Todas las mañanas, el buen abad salía del monasterio antes de que apuntase el día, apenas terminados los primeros oficios. Y, siguiendo el senderillo que sus propios pies habían trazado a fuerza de seguirlo en su paseo cotidiano, subía las pendientes que, a espalda del cenobio, conducía hacia la Roca de Erandio y la Chimenea. Por allí alcanzaba un claro del bosque junto a un manantial. Y en aquel lugar, en medio del silencio de las cercanas cumbres, se entregaba a la meditación y elevaba sus oraciones al Cielo, pidiendo al Creador que le permitiera atisbar siquiera un poco de aquella Gloria prometida, que ni siquiera era capaz de concebir desde su propia naturaleza de hombre ansioso de creer en el Más Allá.

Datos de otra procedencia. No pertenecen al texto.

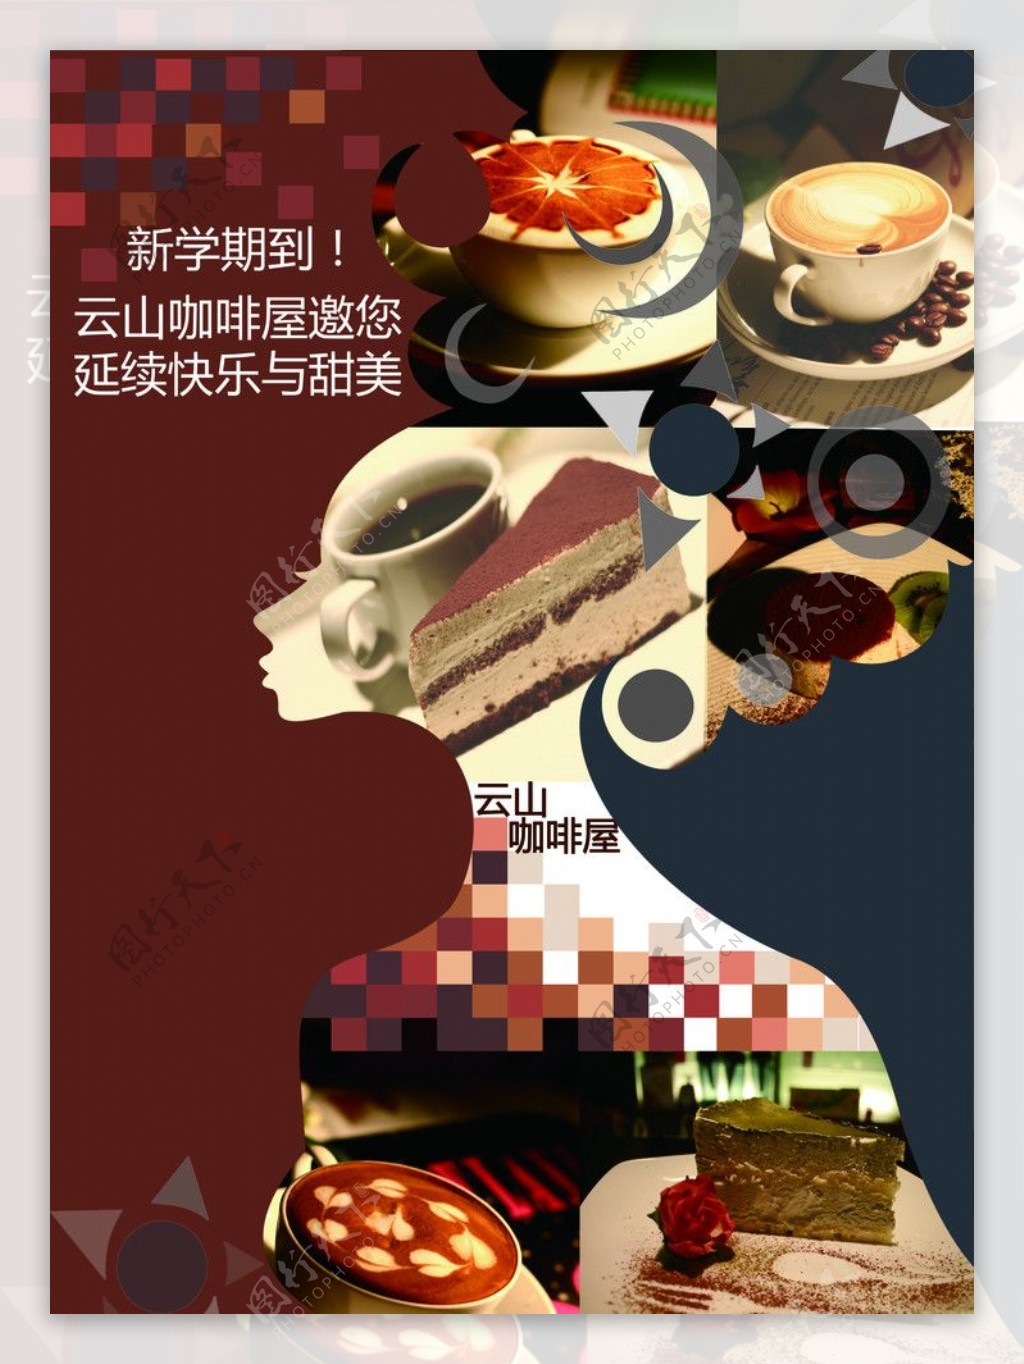 咖啡屋宣传海报图片

Pasaron años enteros de paciente oración y de constante retiro místico en aquel rincón privilegiado de la naturaleza donde iba a refugiarse cada día en su soledad. El abad envejecía y sentía su espíritu sembrado de dudas, de ansias de saber. Necesitaba una respuesta, porque sin ella, su misión como abad de aquella comunidad carecía de sentido, si él era el primero en dudar de lo que esencialmente desconocía .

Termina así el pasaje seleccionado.